From the above summary, we see what columns need to undergo data cleaning. As seen in the glimpse and summary of the dataset, we change the following as seen below:

Columns Total victims, total suspects, latitude, longitude

Replace all na with 0 for total victims and suspects as we do not want to end up omiting criminal records in which no suspects were found or no victims identified.
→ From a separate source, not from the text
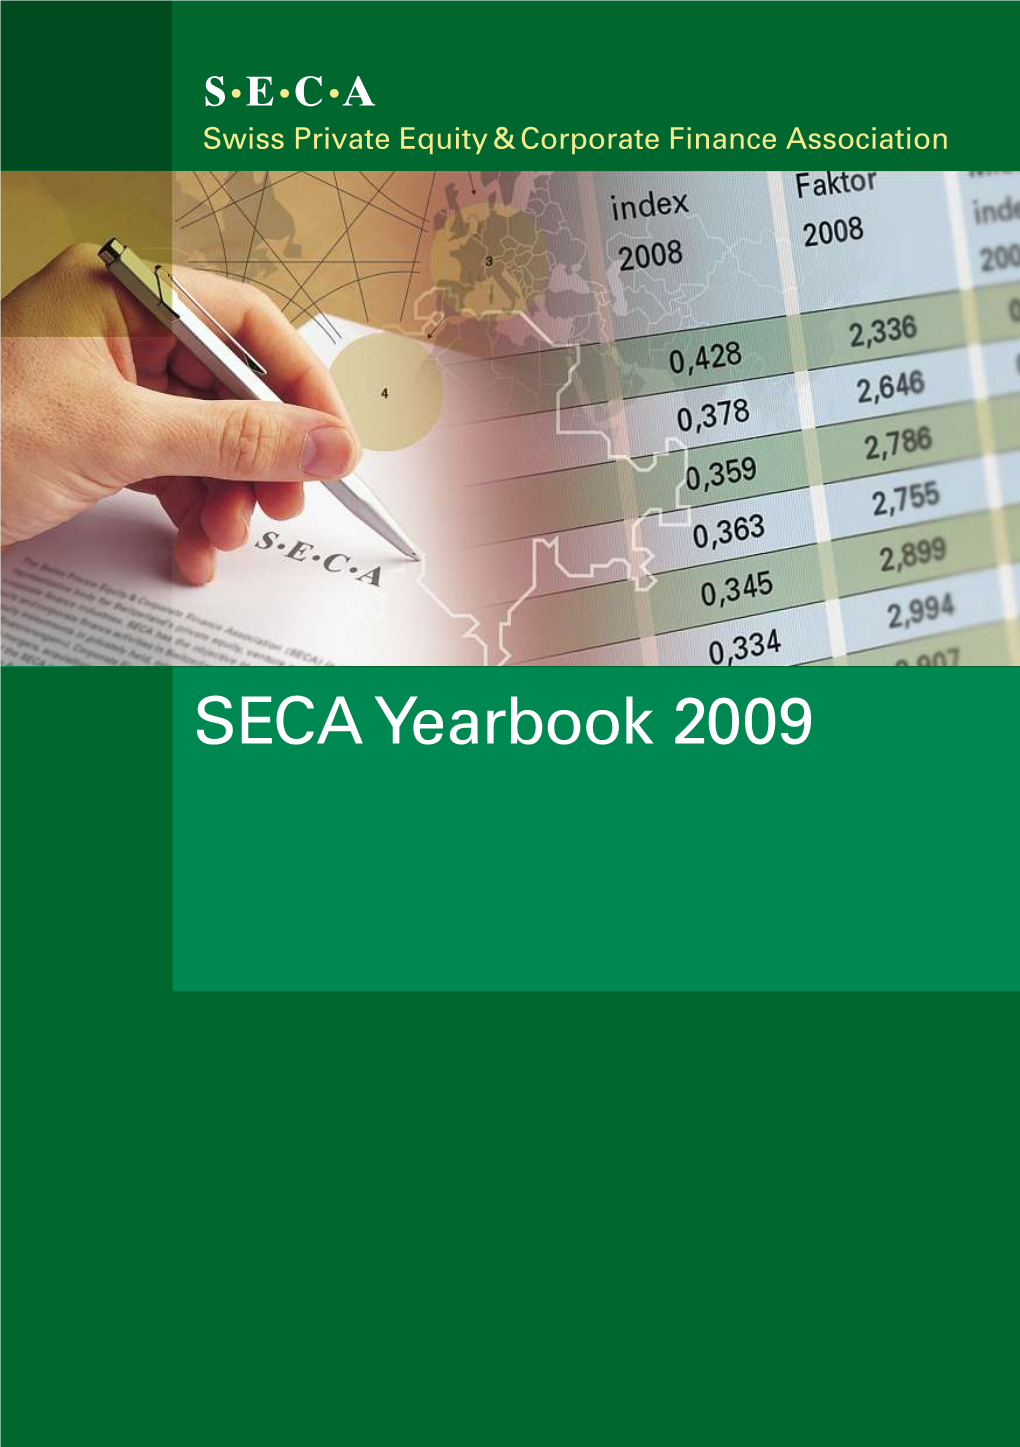 SECA Yearbook 2009 C • E • S 630 4 Z U G P O St F Ac H4 G R a Fen Uw Eg SECA 332 1 0

Also, replace with 0 where lat/long is unknown, we will only be using neighbourhood names

crime_data_initial$TOTALNUMBERVICTIMS[is.na(crime_data_initial$TOTALNUMBERVICTIMS)] <- 0
crime_data_initial$TOTALSUSPECTS[is.na(crime_data_initial$TOTALSUSPECTS)] <- 0
crime_data_initial$LATITUDE_X[is.na(crime_data_initial$LATITUDE_X)] <- 0
crime_data_initial$LONGITUDE_X[is.na(crime_data_initial$LONGITUDE_X)] <- 0

Column - Theft code

Column - Theft code Now replace all NA in Theft code with NOT APPLICABLE as we do not want to end up omiting records which are not thefts when we use na.omit

unique(crime_data_initial$THEFT_CODE )
##  [1] NA                                               
##  [2] "23F-THEFT FROM MOTOR VEHICLE"                   
##  [3] "23H-ALL OTHER LARCENY"                          
##  [4] "23D-THEFT FROM BUILDING"                        
##  [5] "24O-MOTOR VEHICLE THEFT"                        
##  [6] "23C-SHOPLIFTING"                                
##  [7] "23G-THEFT OF MOTOR VEHICLE PARTS OR ACCESSORIES"
##  [8] "24I-THEFT OF LICENSE PLATE"                     
##  [9] "23A-POCKET-PICKING"                             
## [10] "23B-PURSE-SNATCHING"                            
## [11] "23E-THEFT FROM COIN-OPERATED MACHINE OR DEVICE"
crime_data_initial$THEFT_CODE[is.na(crime_data_initial$THEFT_CODE)] <- "NOT APPLICABLE"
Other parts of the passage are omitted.